How to Set Up Client Scripting in OpenVPN Access Server

Introduction

OpenVPN Access Server supports client-side scripting, which uses executable scripts with OpenVPN Connect. The Admin Web UI lets you set up a script for user groups in the Admin Web UI. Setting the group as the default group will apply the script for all users. It is also possible to use the command line interface to configure client-side scripting, and this has a granularity down to the user level.

How to set client-side scripts for user groups

OpenVPN Access Server supports the following features for client-side scripting for groups:

  1. Scripts defined for Windows and macOS.
  2. Scripts requiring user or admin-level privileges.
  3. Scripts defined with environmental variables.

To enable client-side scripting:

  1. Sign in to your Admin Web UI.
  2. Click User Management > Group Permissions.
  3. Click the edit icon for More Settings of the group desired.
  4. Click Yes for Use Client Scripting?

You can click on each available link to set variables, values, and scripts.

Script Security

The end-user must approve scripts pushed by the VPN server to the VPN client. The first time the script runs, the end-user must allow it. The end-user can click the checkbox present to remember the answer given, so they don’t need to grant the script permission to run each time.

Scripting languages

OpenVPN Connect supports script execution using locally-installed script interpreters such as cmd.exe or PowerShell on Windows.

  • OpenVPN Connect version 2.x bundled a limited version of Python2 that it can use.
  • OpenVPN Connect version 3.x can support Python scripts on Windows and macOS platforms if you install a Python interpreter separately.

Note: OpenVPN Connect version 2.x installed with an integrated Python2 interpreter. The integrated Python2 interpreter doesn’t include 100% of the standard Python2 library set that would be present with a stock Python install. This saves space in the client installer.

Sample Python Scripts

Launch a URL

#!/usr/bin/env python
# On VPN connection initiation, launch a URL in the default browser.
# Works on all client platforms (Windows, Mac, Linux).
# Environmental Variables:
# LAUNCH_URL -- URL to launch
import os, webbrowser
if os.environ['N_RECONNECTS'] == '0':
webbrowser.open_new(os.environ['LAUNCH_URL'])
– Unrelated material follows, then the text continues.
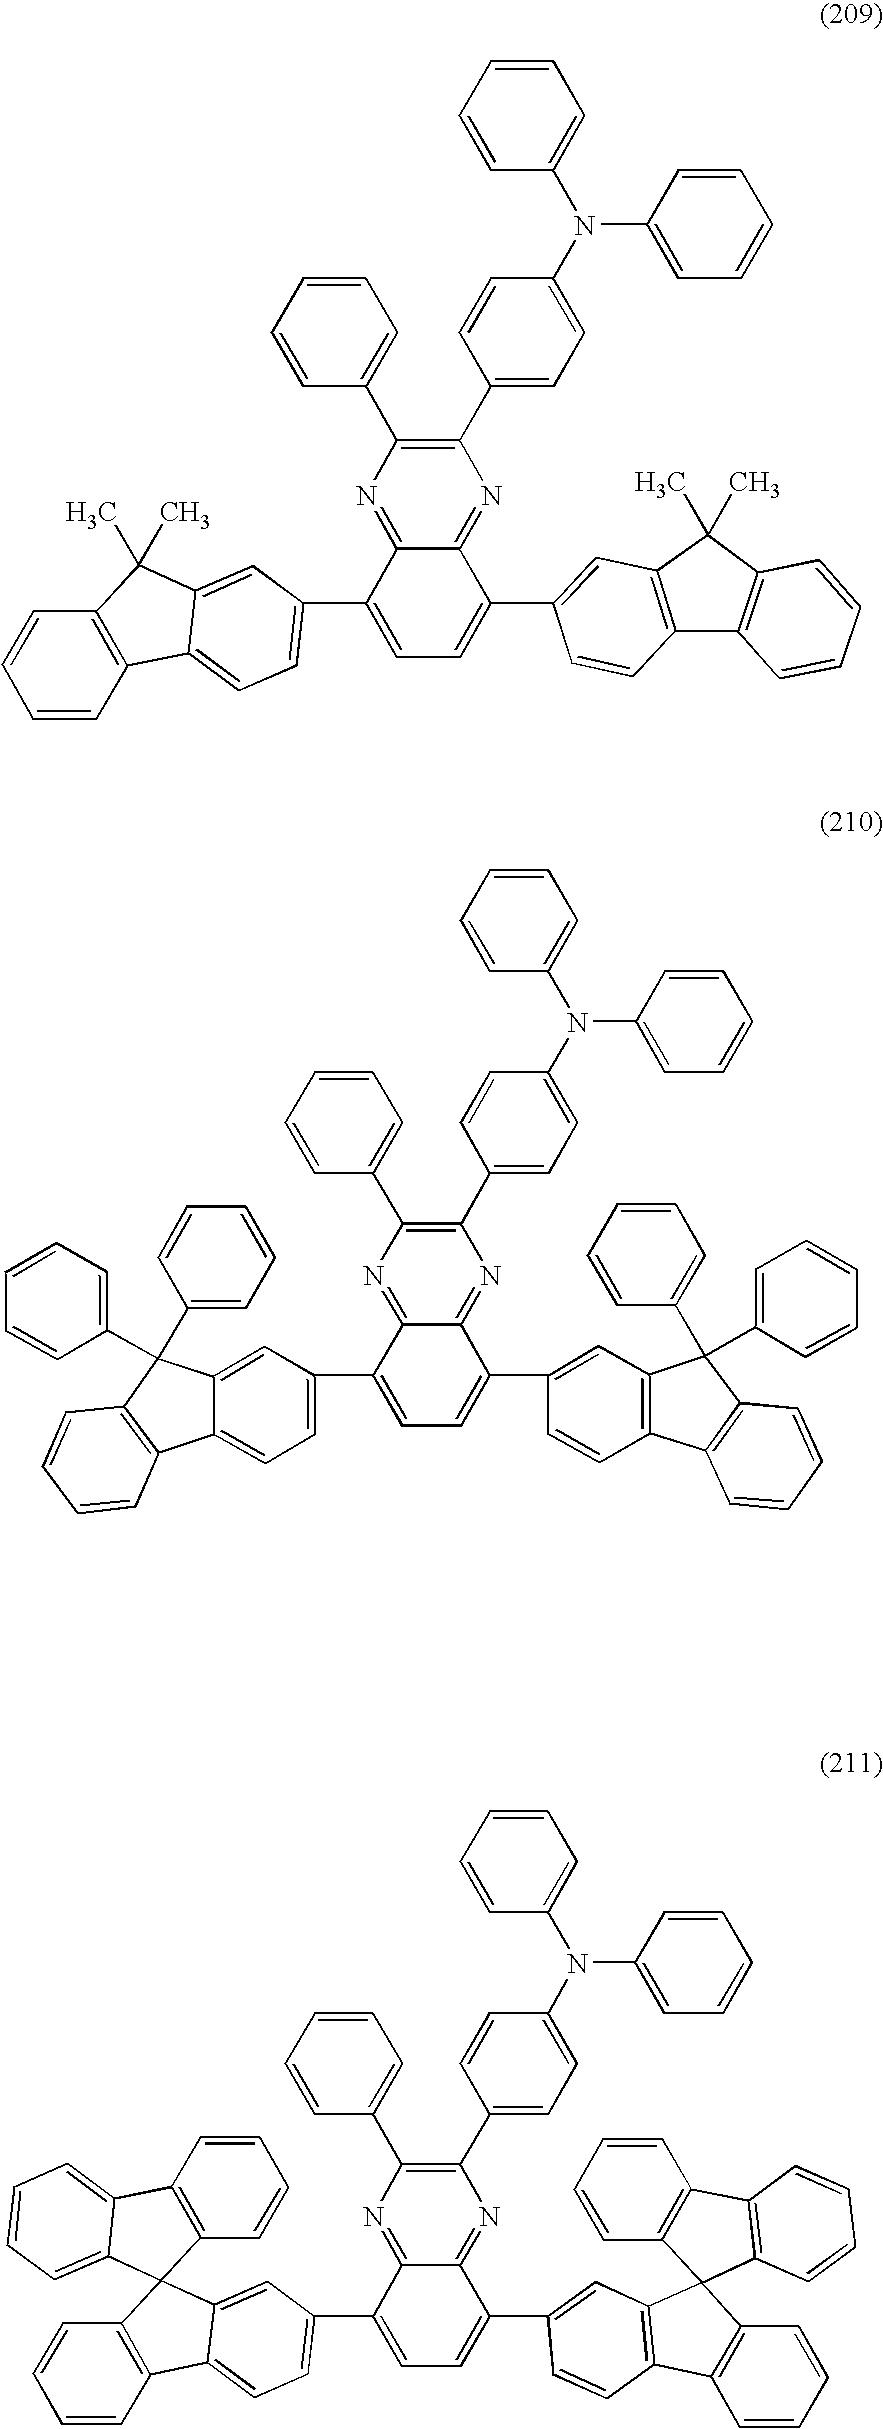 Figure US08178216-20120515-C00071

Download and install an application on Windows

#!/usr/bin/env python
# Download and install an MSI-based application on Windows. Leave a marker
# file behind, so that we only install the application once per local user.
# Environmental Variables:
# MSI_URL -- URL of MSI file
# MSI_HASH -- sha1 hash of MSI file, for security verification
# MSI_OPT (optional) -- extra MSI arguments, such as /q for quiet install
import os, urllib, scripthelper as sh
url = os.environ['MSI_URL']
local = os.path.basename(url)
hash = os.environ['MSI_HASH']
if not os.path.exists(hash):
urllib.urlretrieve(url, local)
if sh.digest_file(local, 'sha1') != hash:
raise ValueError("downloaded file has incorrect hash")
os.system("msiexec /i %s %s /l* msi.log" % (local, os.environ.get('MSI_OPT', '')))
file(hash, 'w').write('')

Helpful Notes

Special environmental variables that may be set on Access Server

PREPATH — if defined, is prepended to client's PATH before the script executes.

Special environmental variables set by the client backend before scripts execute

N_RECONNECTS (integer rendered as string) — the number of reconnects that have occurred thus far in this session.

GRACEFUL_DISCONNECT ("0" or "1") — set to "1" if this disconnect was requested by the user, and "0" if the disconnect was unexpected.

Script shebang usage for Windows (on unix, shebangs are processed by the OS)

The "shebang" is a unix construct for designating the interpreter that should process a script, by including a specially coded line beginning with "#!" as the first line of the script. When OpenVPN Connect runs on unix, the OS handles the shebang usage. However since Windows doesn't natively recognize shebang usage, OpenVPN Connect interprets the shebang line and uses it to determine how to execute the script, using the following rules:

[script content] — defaults to cmd.exe processing

#!foo.exe
[script content...—- find foo.exe in path]

#!foo.exe -a somearg
[script content... — pass options (the last option is the implicit script filename)]

#!"c:\Program Files\Foo Corp\foo.exe" -a somearg
[script content... — quote the program exe]

#!foo.exe
#EXT foo
[script content... — script will be written to a .foo file before execution]

#PYTHON
[python code — execute python script using OpenVPN Client built-in python interpreter]

#!/usr/bin/env python
[python code — execute python script using OpenVPN Client built-in python interpreter on Windows, and using default python install on unix.]